Data provided:
• • • • •
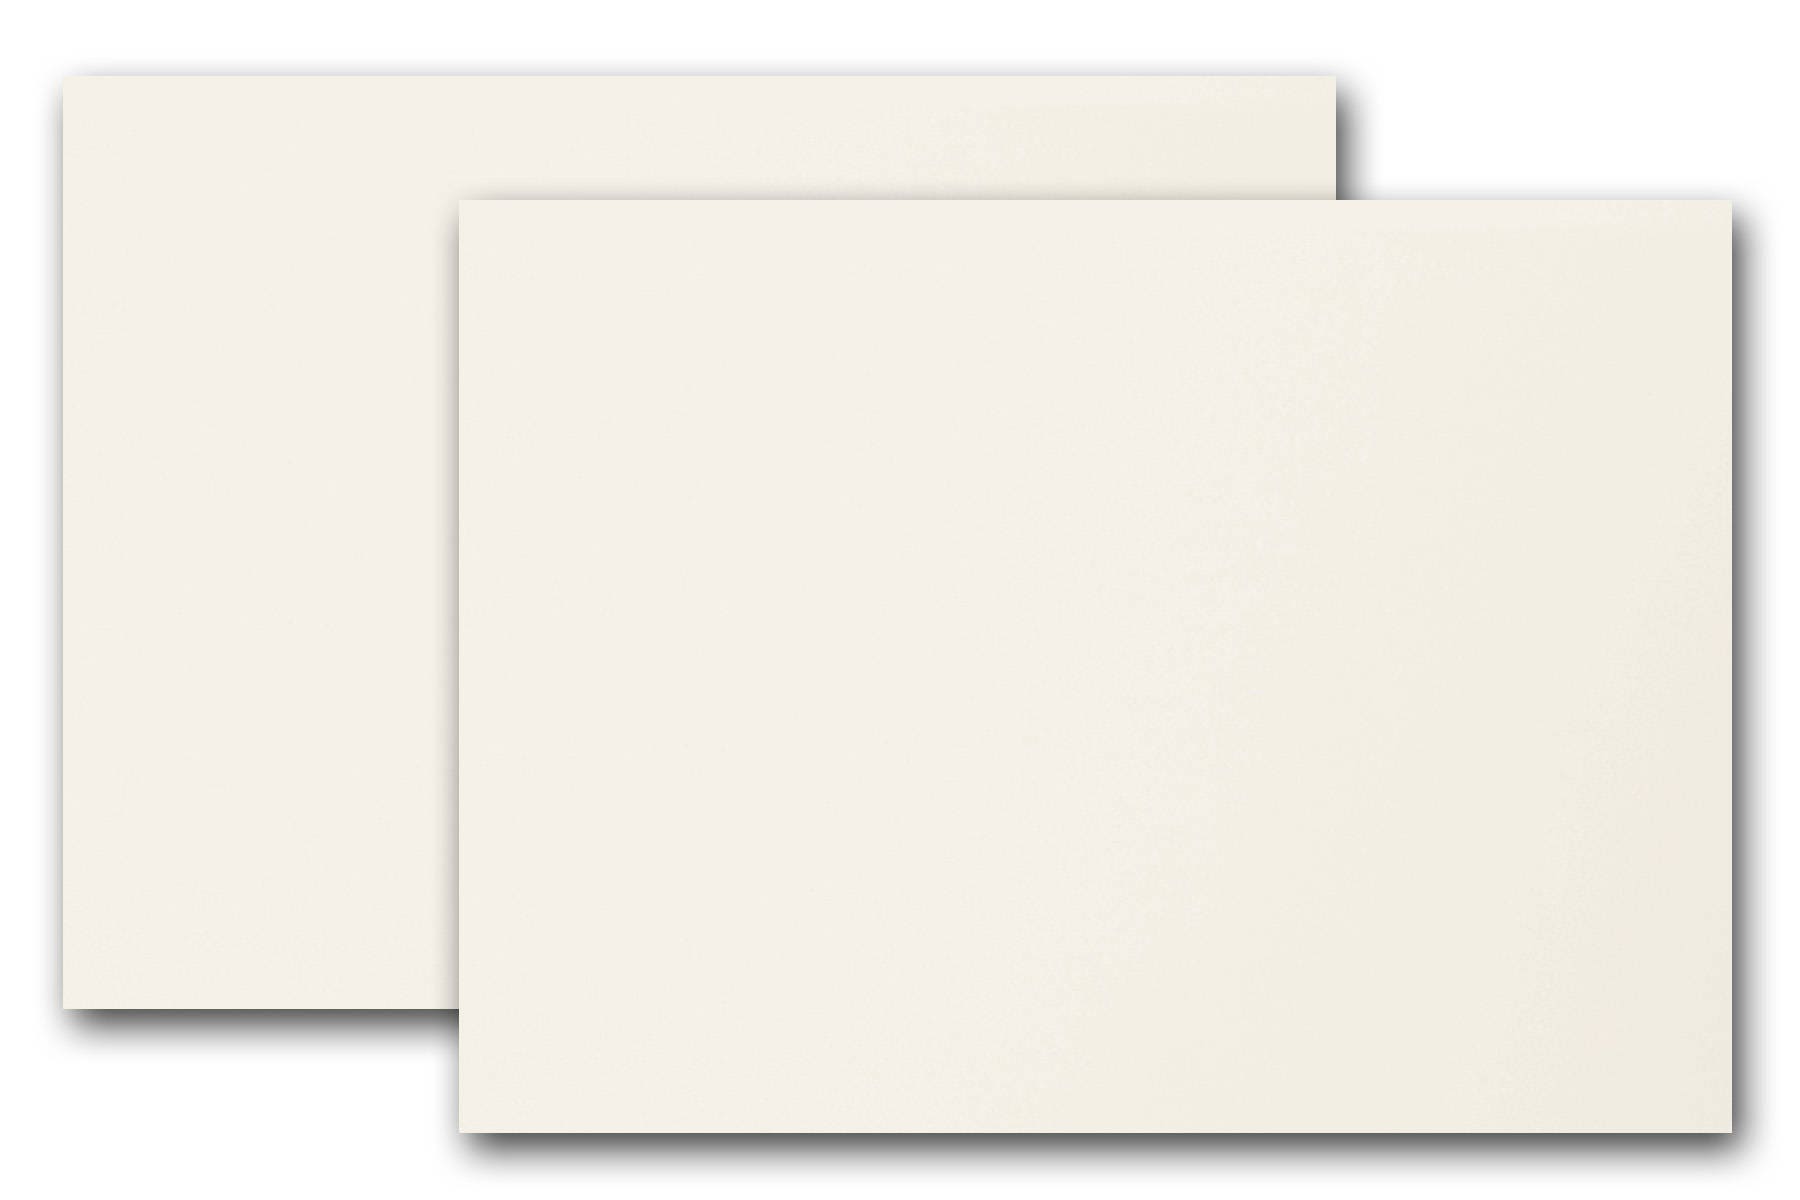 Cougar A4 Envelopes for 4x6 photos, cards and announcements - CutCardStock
• • • • •
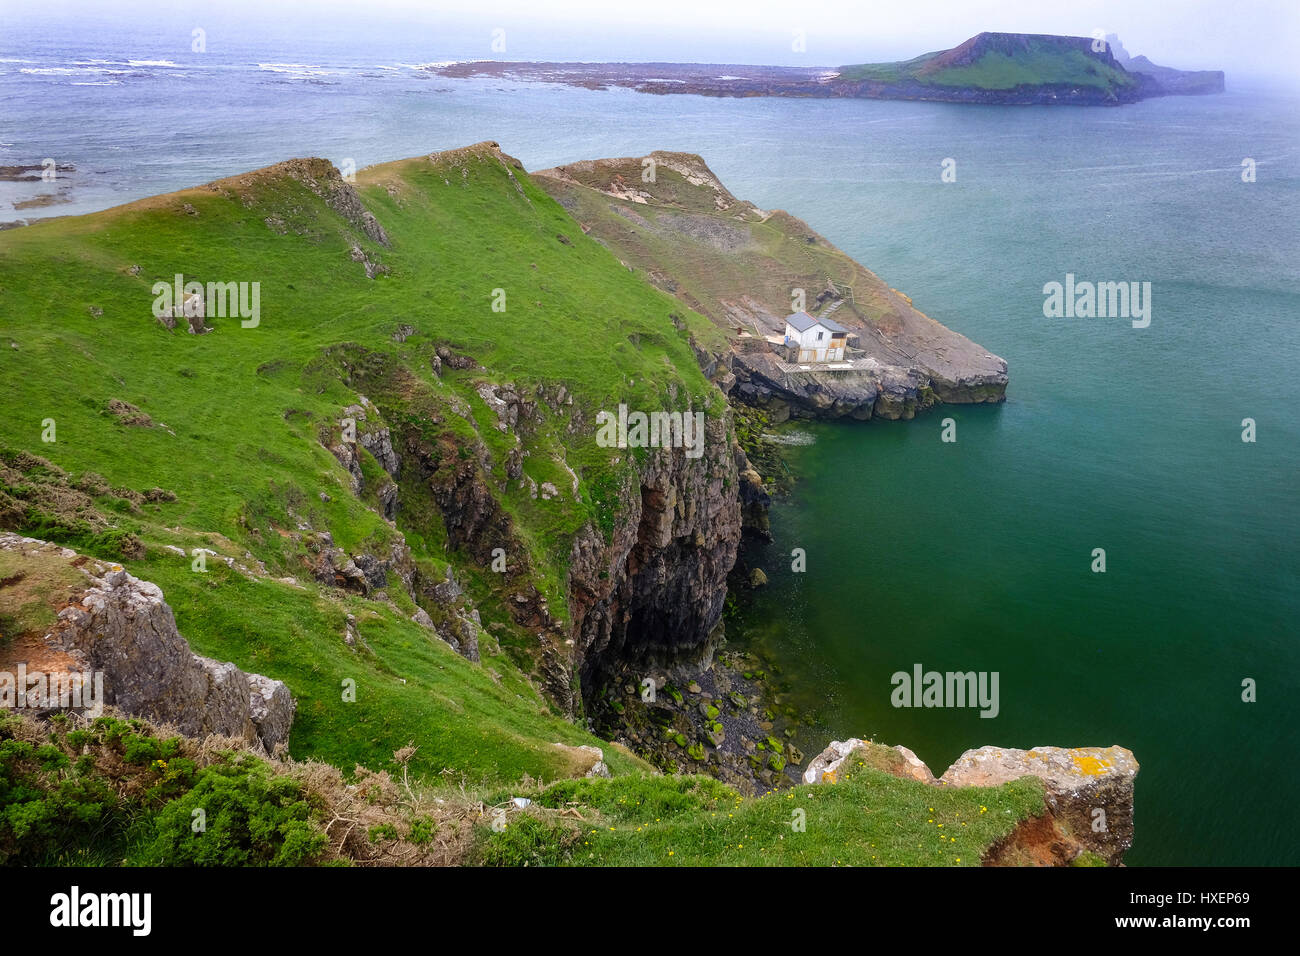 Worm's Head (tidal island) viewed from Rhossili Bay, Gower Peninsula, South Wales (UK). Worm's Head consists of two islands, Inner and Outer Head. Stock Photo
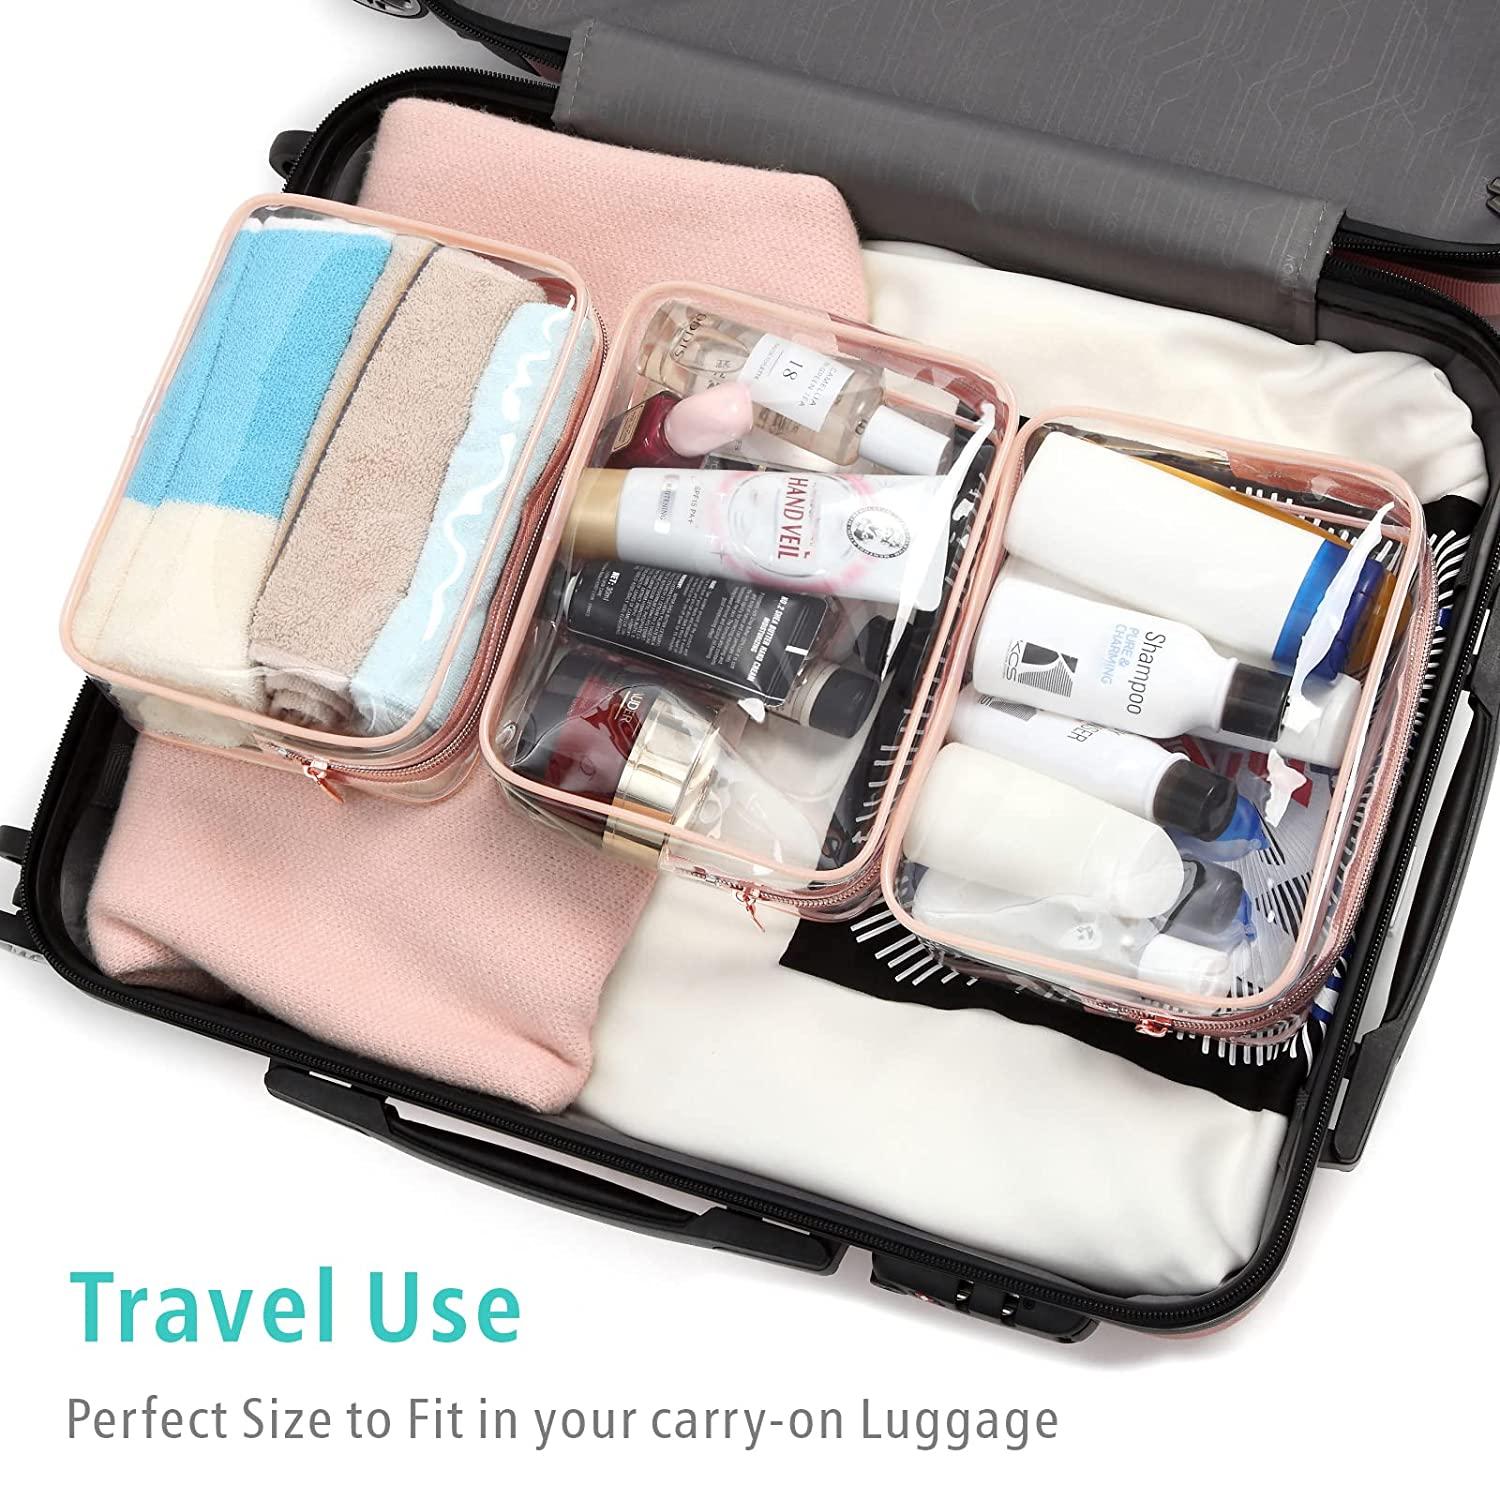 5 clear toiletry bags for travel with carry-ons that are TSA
• • • • •
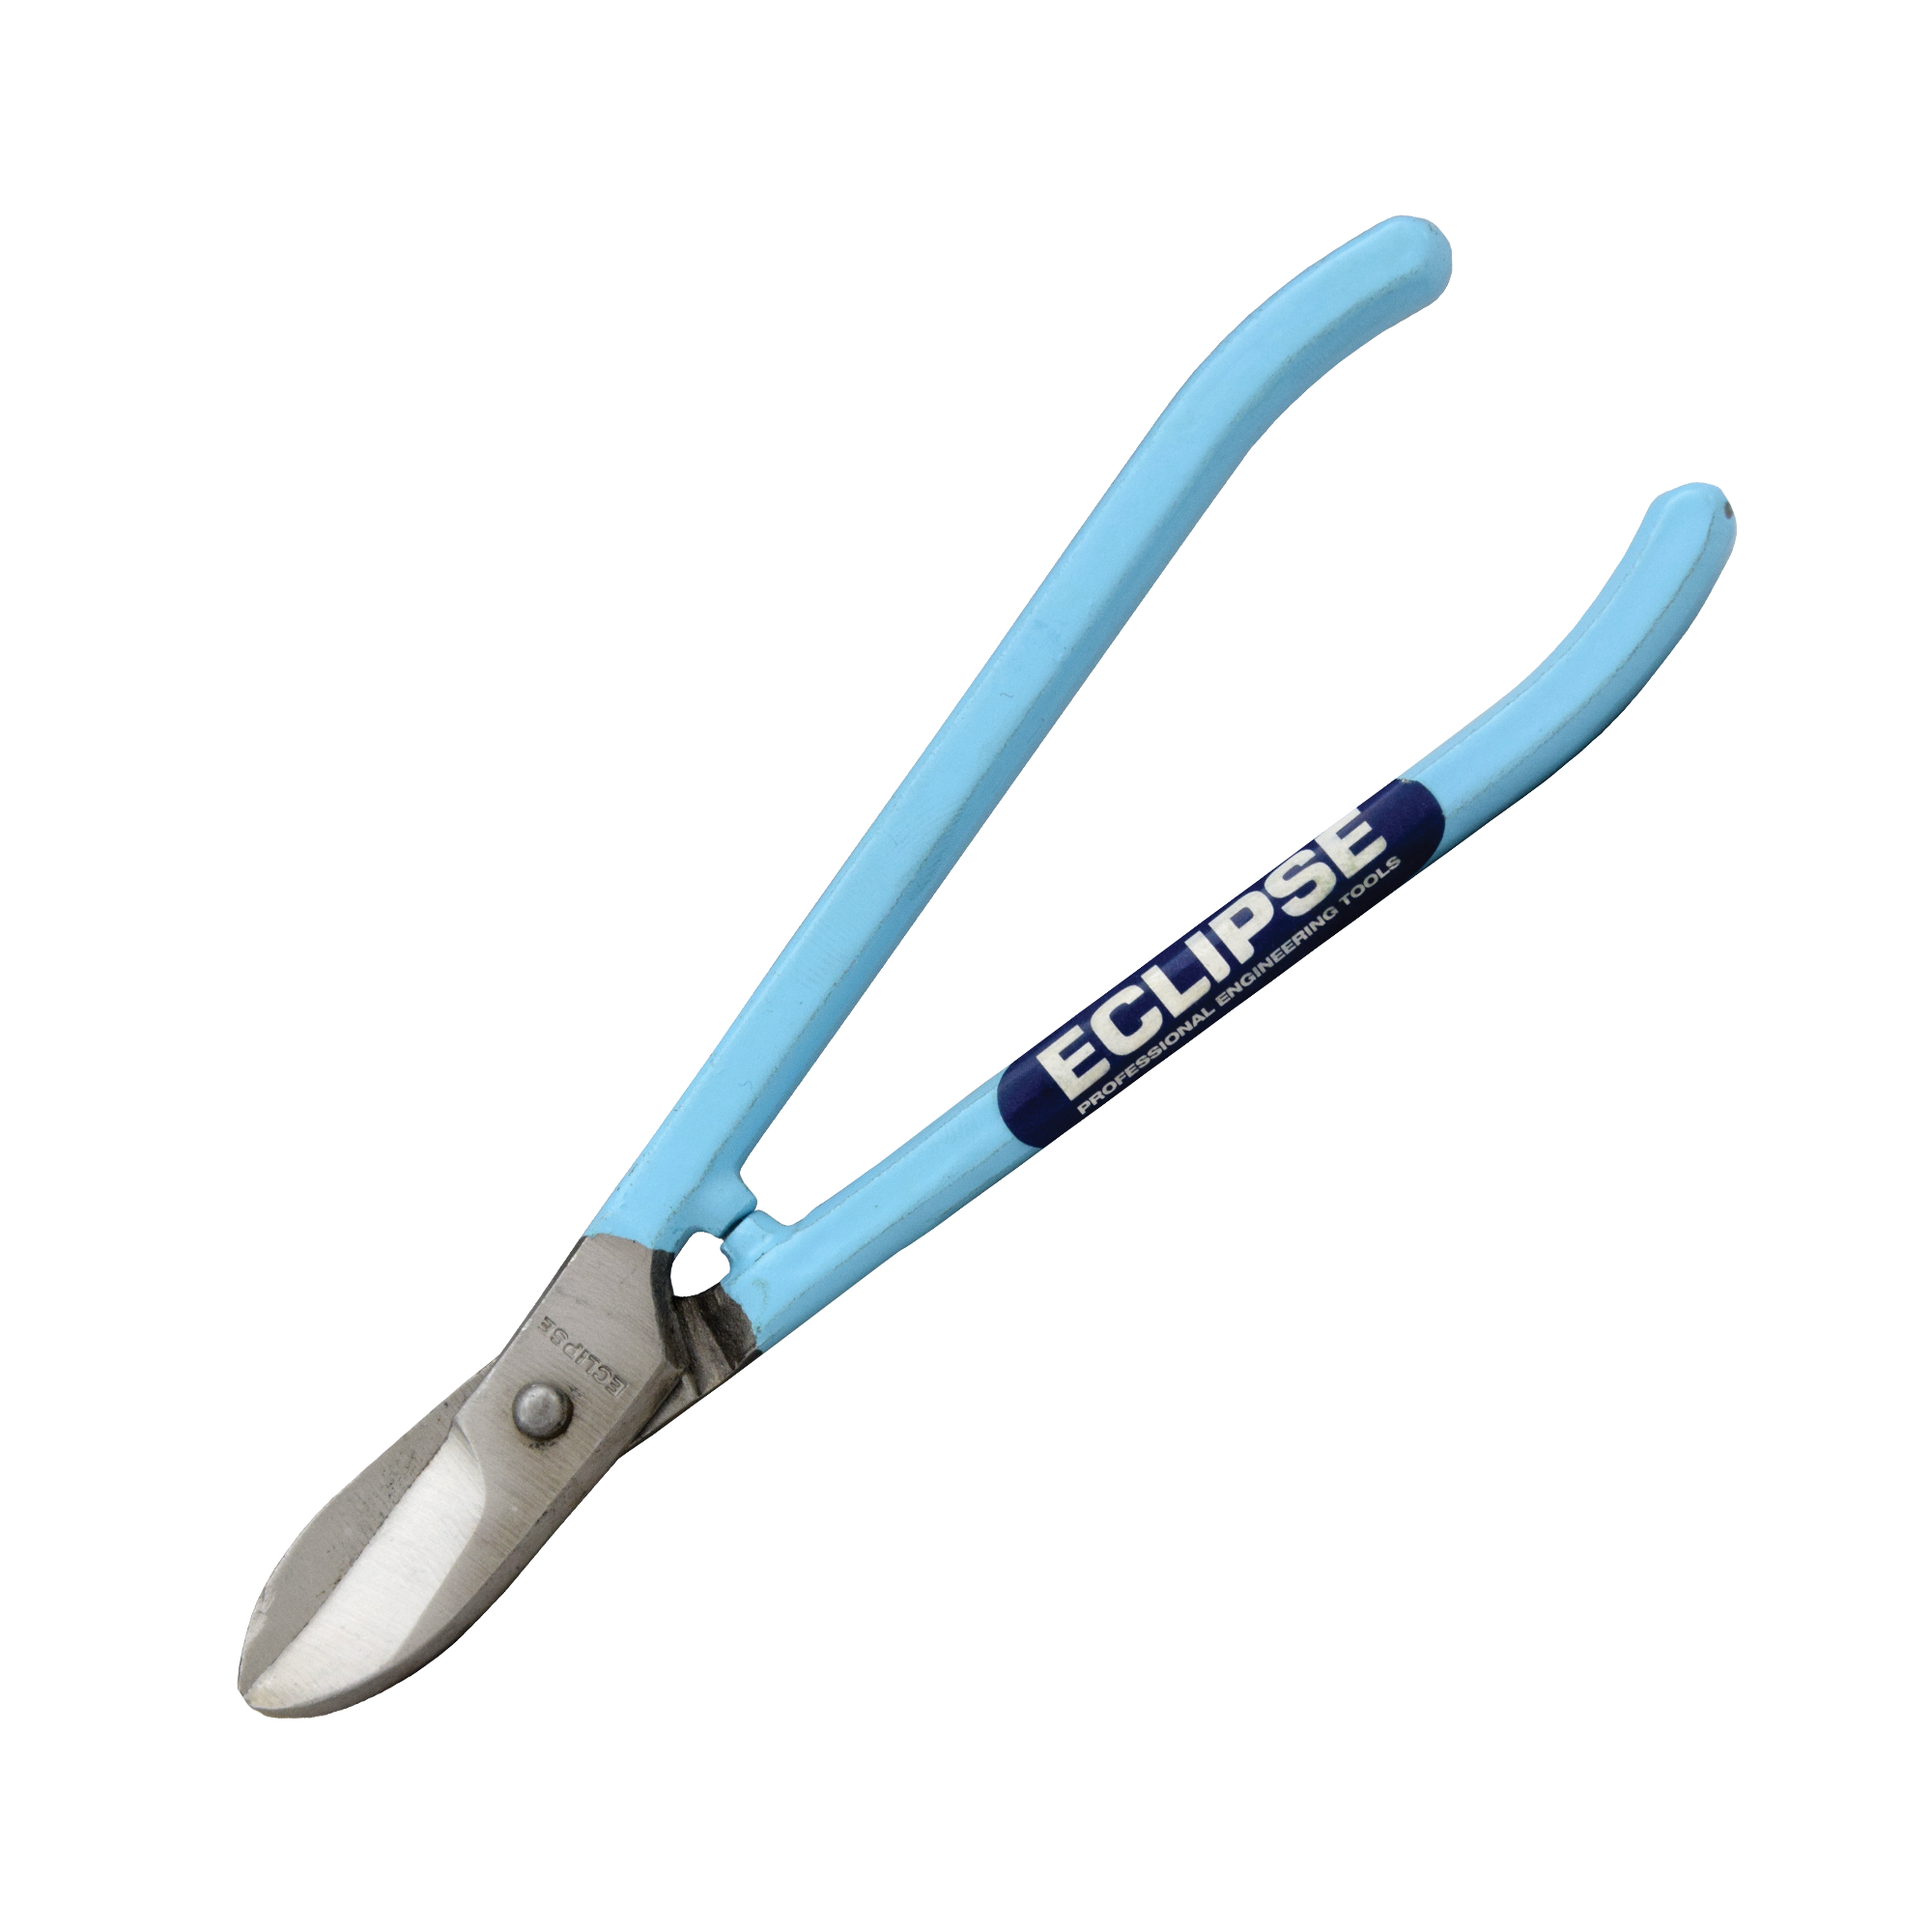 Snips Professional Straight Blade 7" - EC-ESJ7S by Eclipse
• • • • •
Work to complete: When you reach the line with "Worm's Head (tidal" in the records above, begin repeating the lines exactly, and stop after the line with "5 clear toiletry". Skip all pictures.

Solution for this exercise:
 Worm's Head (tidal island) viewed from Rhossili Bay, Gower Peninsula, South Wales (UK). Worm's Head consists of two islands, Inner and Outer Head. Stock Photo
 5 clear toiletry bags for travel with carry-ons that are TSA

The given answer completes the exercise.